Die meisten Harnsteine bestehen aus Kalziumoxalat, die Pathogenese der kalziumhaltigen Steine ist nicht ganz klar. Randall’sche Plaques, beziehungsweise intratubuläre Kalzifikationen, die an geschädigten Epithelzellen der Nierenpapille verankert sind, bilden nach aktueller Auffassung den Kristallisationskern für Harnsteine. Die Inzidenz von Randall’schen Plaques ist bei Frauen und Männern in den letzten zwanzig Jahren von 17/20 Prozent um mehr als das Zwei- bis Dreifache auf 50/59 Prozent angestiegen. Auch das Durchschnittsalter für das erstmalige Auftreten von Steinen ist von einem Lebensalter 34 auf 26 Jahre gesunken. Lebensstil und Ernährungsweise könnten mit eine Erklärung dafür sein. Idiopathische Kalziumoxalat-Steinbildner mit traditionellen Risikofaktoren für Nephrolithiasis, wie niedriges Urinvolumen, hohe Kalziumkonzentration im Urin und vorgängige Steinbildung, weisen mehr Randall’sche Plaques auf, erklärt Prof. Dirk Lange, Urologie, University of British Columbia, Vancouver (CAN). Bei Personen ohne Kalziumoxalatsteine sind dagegen keine Randall’schen Plaques zu finden. Der exakte zugrundeliegende Mechanismus ist nicht geklärt. Eine vaskuläre Ätiologie wird derzeit diskutiert. Atheroskleroseähnliche Läsionen und Kalzifizierungen in den Gefässwänden der Vasa recta erodieren das papilläre Interstitium und wachsen weiter an. Das lässt den Schluss zu, dass die Entstehung von Nierensteinen eine vaskuläre Ursache hat. «Eine Steinerkrankung scheint daher eine systemische Erkrankung zu sein», führt Prof. Kemal Sarica, Urologie, Kafkas University Medical School, Kars (TR), aus.
KURZ & BÜNDIG
Die Inzidenz der Urolithiasis ist weltweit ansteigend, Lebensstil und Ernährungsweise tragen dazu bei.
Randall’sche Plaques gehen einer Kalziumoxalatsteinbildung voraus.

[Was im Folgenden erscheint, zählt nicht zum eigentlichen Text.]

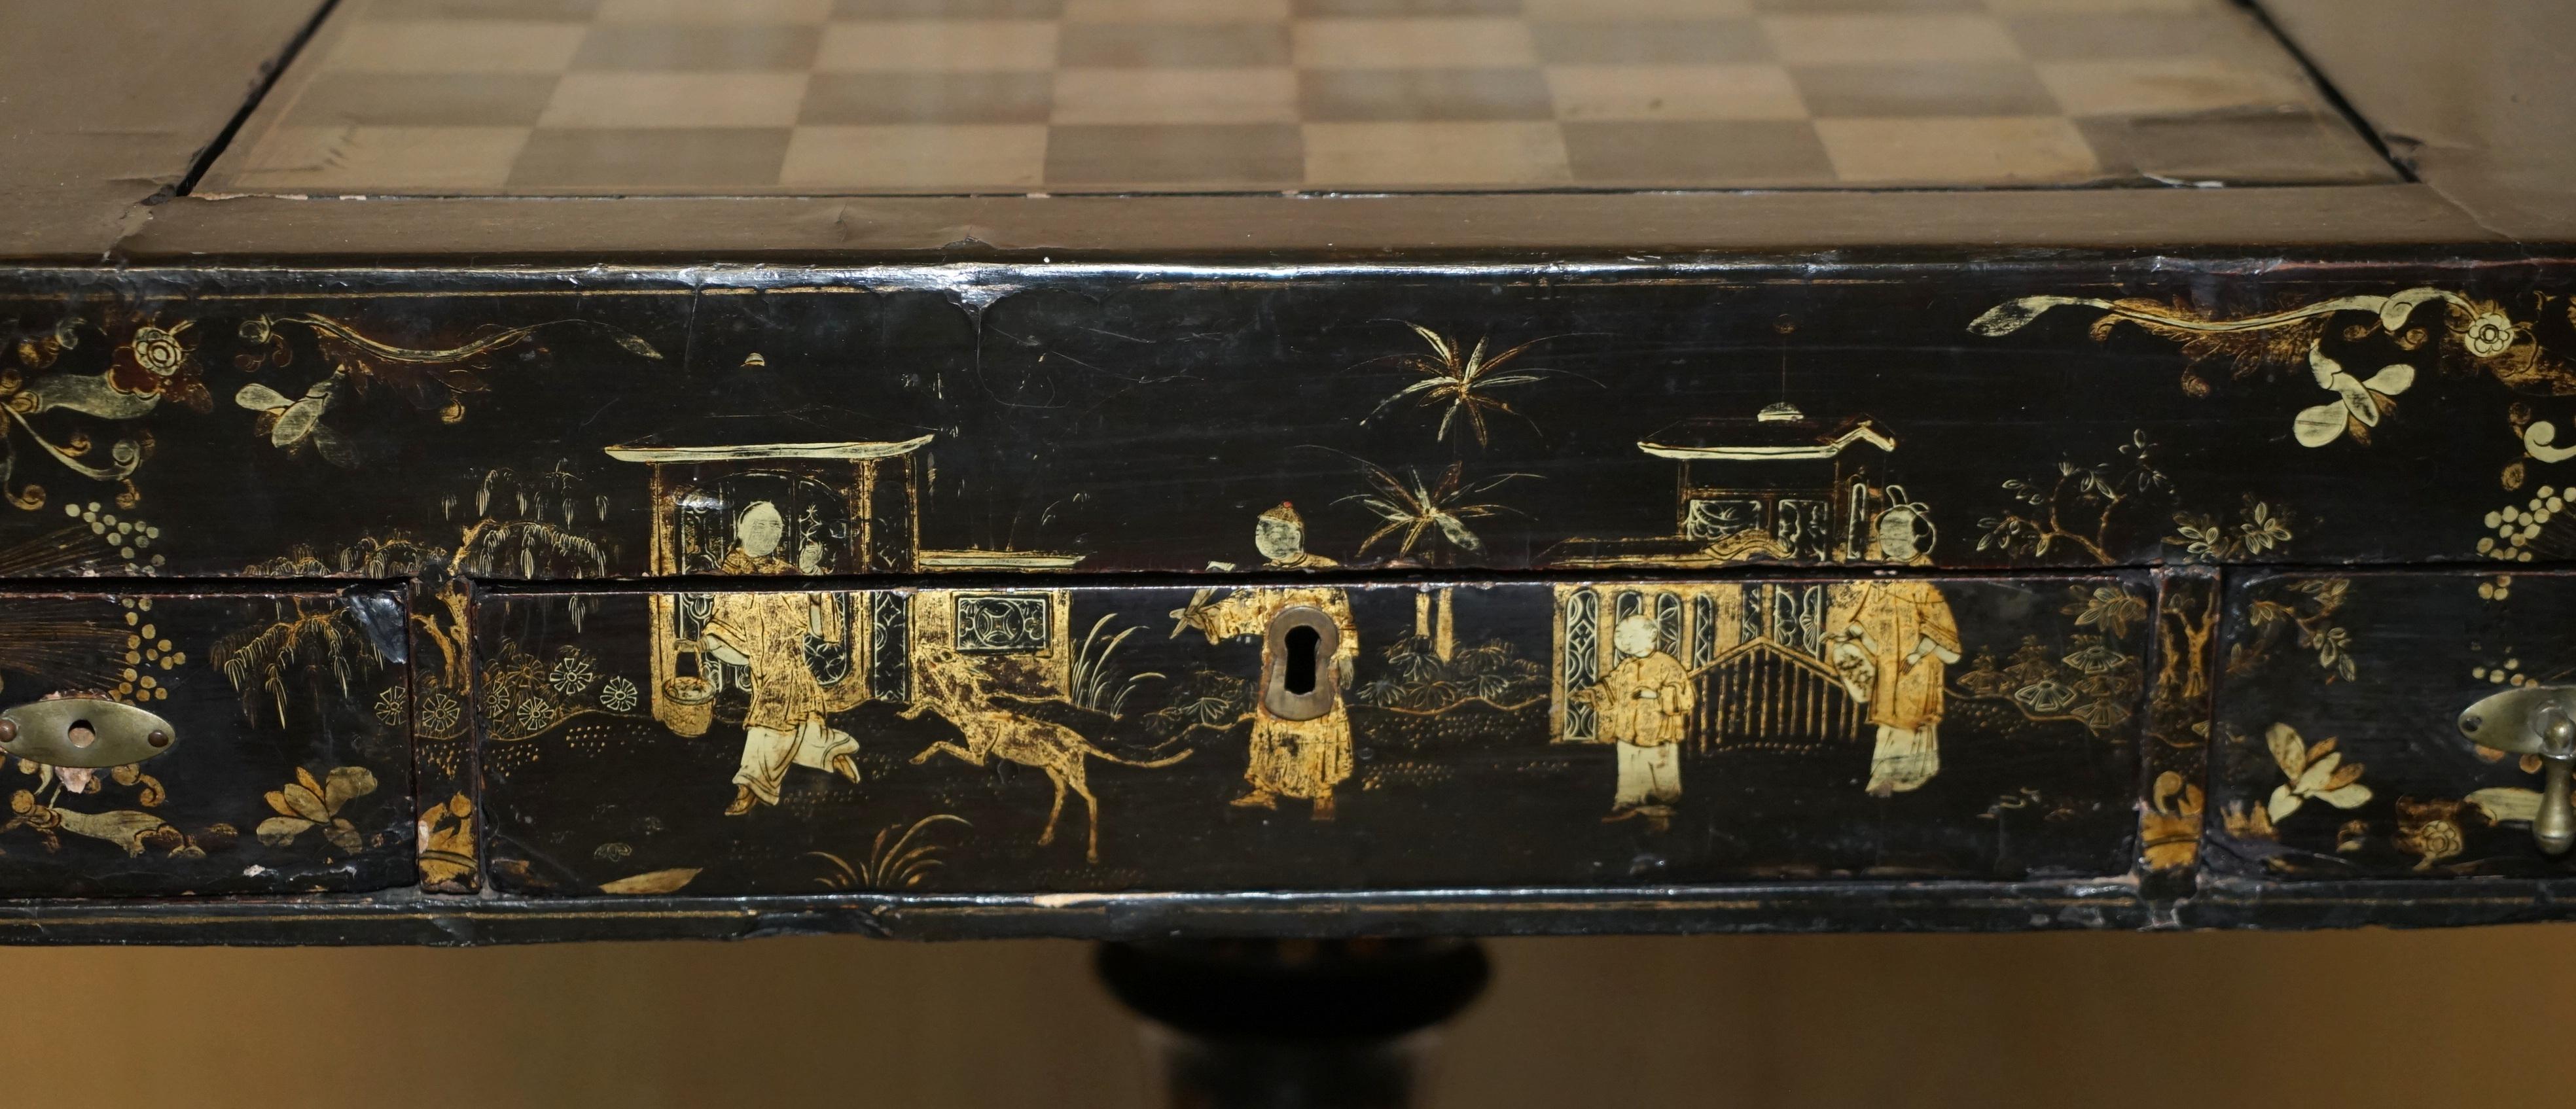 ANTIQUE GEORGIAN CIRCA 1820 CHiNESE CHINOISERIE CHESSBOARD BACKGAMMON TABLE For Sale 2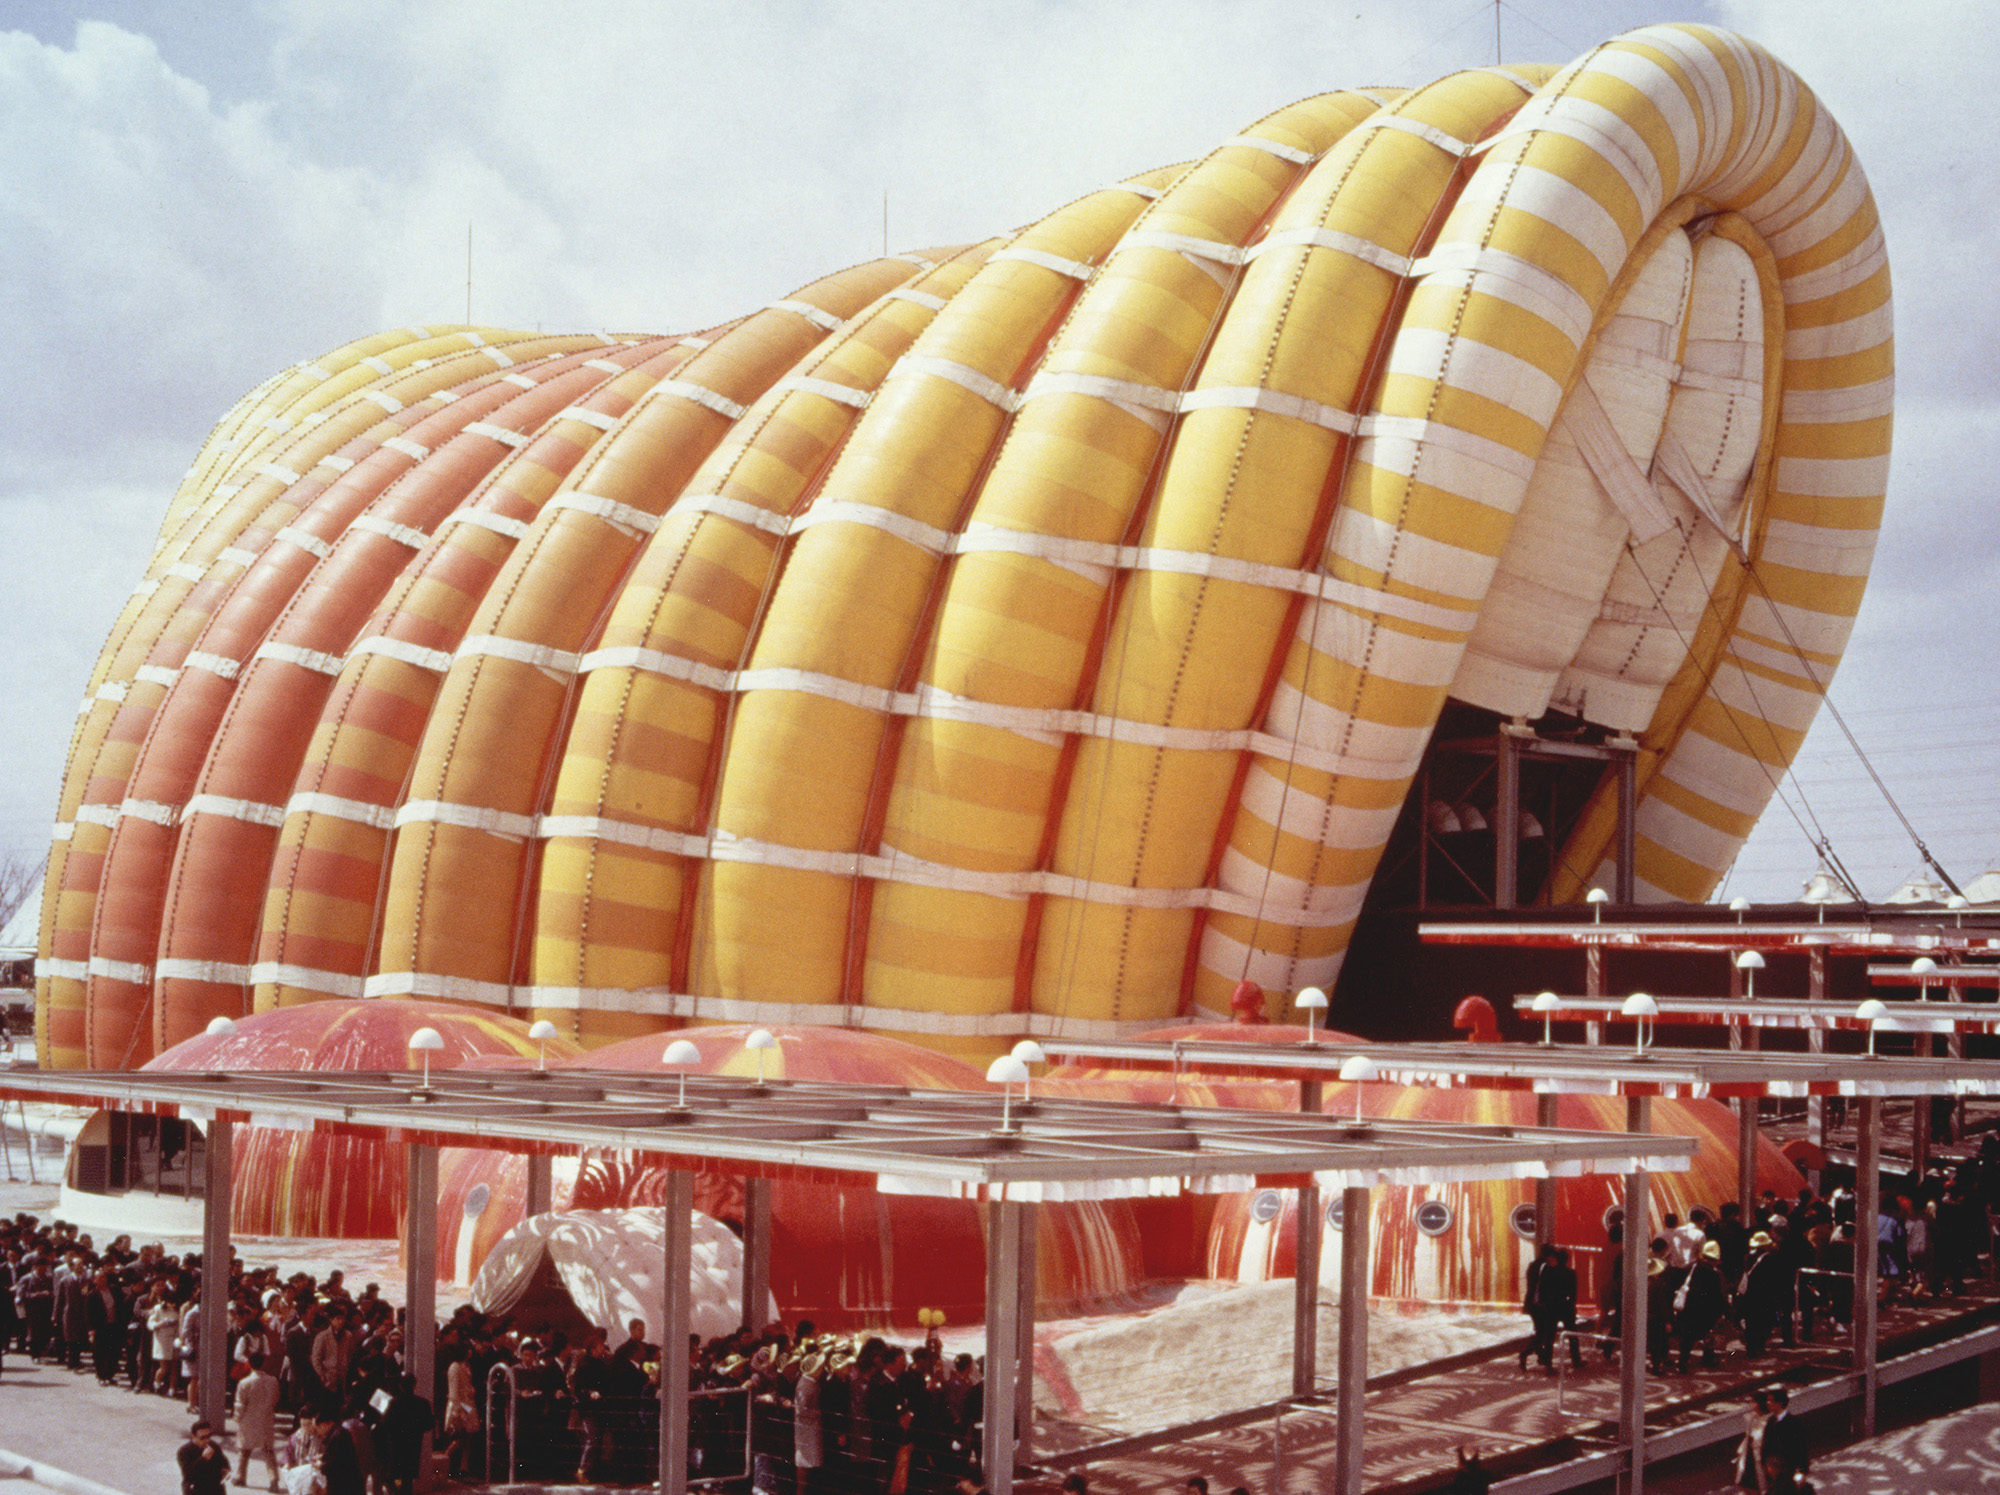 A large yellow and orange inflatable structure built in Japan

Möglicherweise liegt eine Endotheldysfunktion zugrunde. Ernährungsumstellungen können bei der Rezidivprophylaxe
helfen.
Mit steigendem BMI erhöht sich beispielsweise das Risiko für das Auftreten von symptomatischen Nierensteinen (1). Ein möglicher Grund dafür ist die Veränderung der Urinzusammensetzung mit steigendem Anteil an Kalziumoxalat (2), wie der Referent in eigenen Untersuchungen beobachtet hat. Auch beim Metabolischen Syndrom, bei Patienten mit Diabetes wie auch Dyslipidämie ist das Urolithiasisrisiko erhöht, so der Referent. Eine gemeinsame Pathophysiologie dieser Erkrankungen liegt beispielsweise in der endothelialen Dysfunktion infolge oxidativem Stress. Hohe Oxalatspiegel induzieren selbst wiederum die Endothelschädigung und -dysfunktion, untergegangene Zellen fördern die Anheftung von Kristallen. Eine In-vitro-Untersuchung zeigte, dass eine Vorbehandlung der renalen proximalen Tubuluszellen mit Pyrrolidindithiocarbamat diese gegen den toxischen Einfluss von Oxalat unempfindlicher macht (3).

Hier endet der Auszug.